--- Given information ---

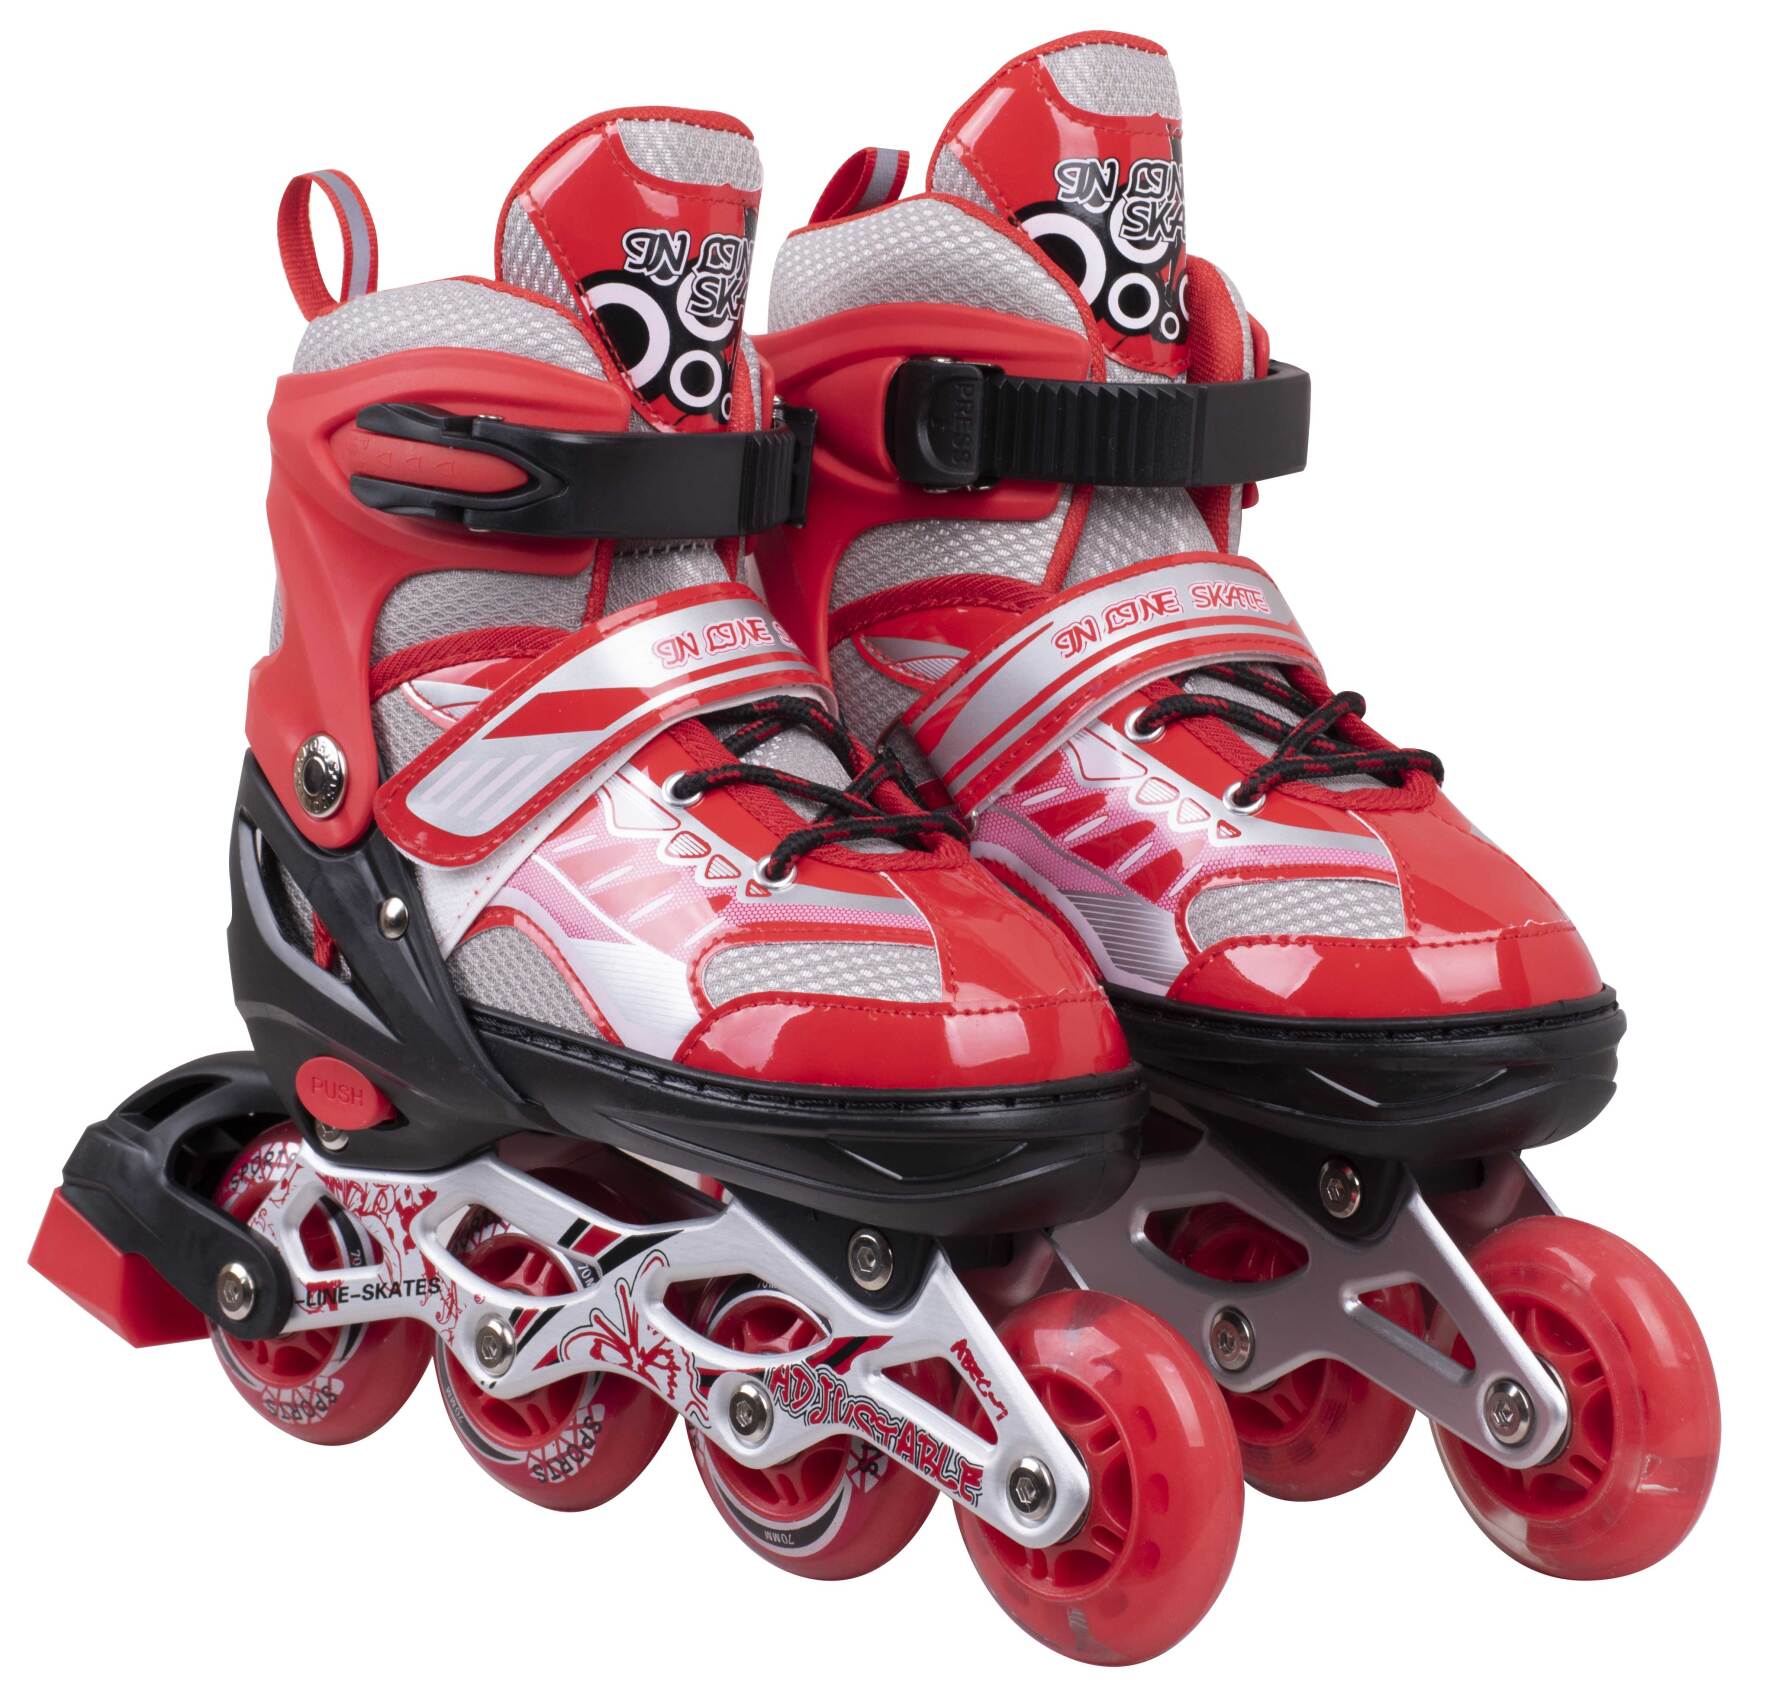  کفش اسکیت چهار چرخ لبفا قرمز تمام ژل از نمای رو به رو مناسب ورزش و تفریح 
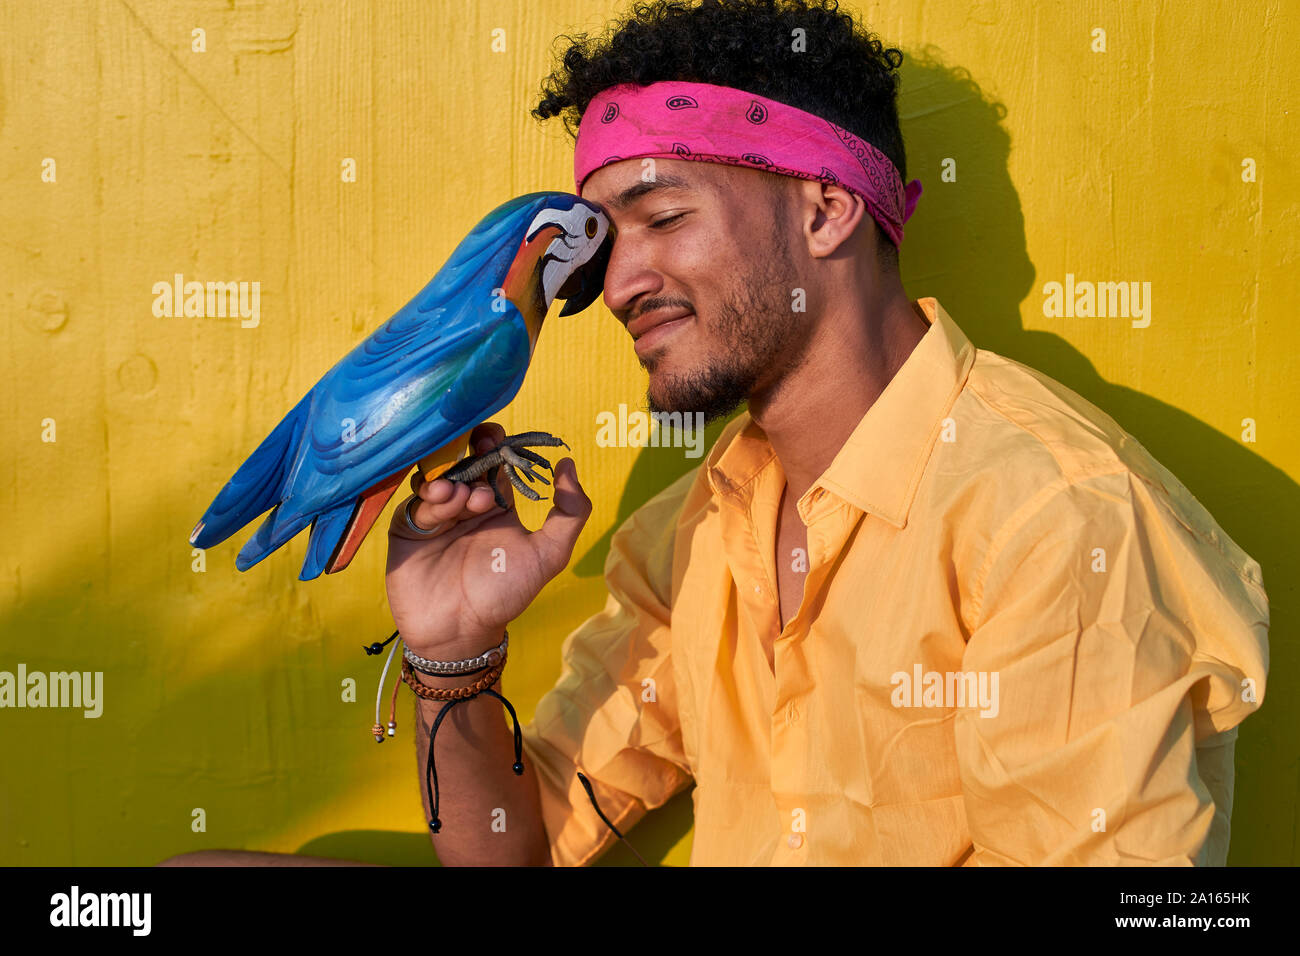 Junge schwarze Mann mit einem Papagei vor der gelben wand Posieren Stockfoto
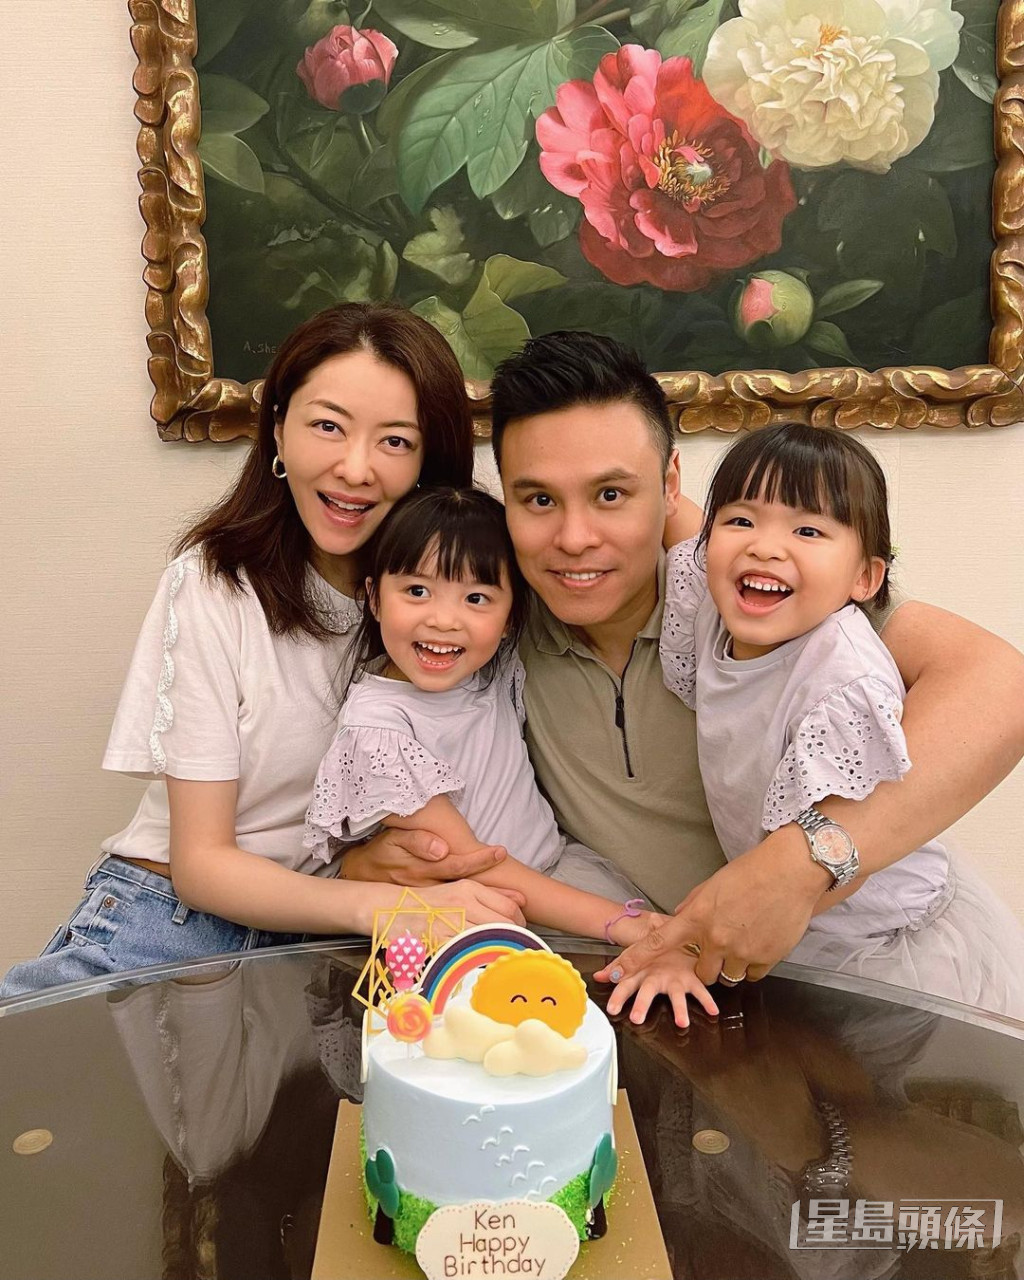 熊黛林与郭富颂2016年结婚，翌年诞下一对可爱孖女。

---

● What you should do
Output the whole of the data, unchanged; keep the pictures out.

● Task answer
  کفش اسکیت چهار چرخ لبفا قرمز تمام ژل از نمای رو به رو مناسب ورزش و تفریح 
 Junge schwarze Mann mit einem Papagei vor der gelben wand Posieren Stockfoto
 熊黛林与郭富颂2016年结婚，翌年诞下一对可爱孖女。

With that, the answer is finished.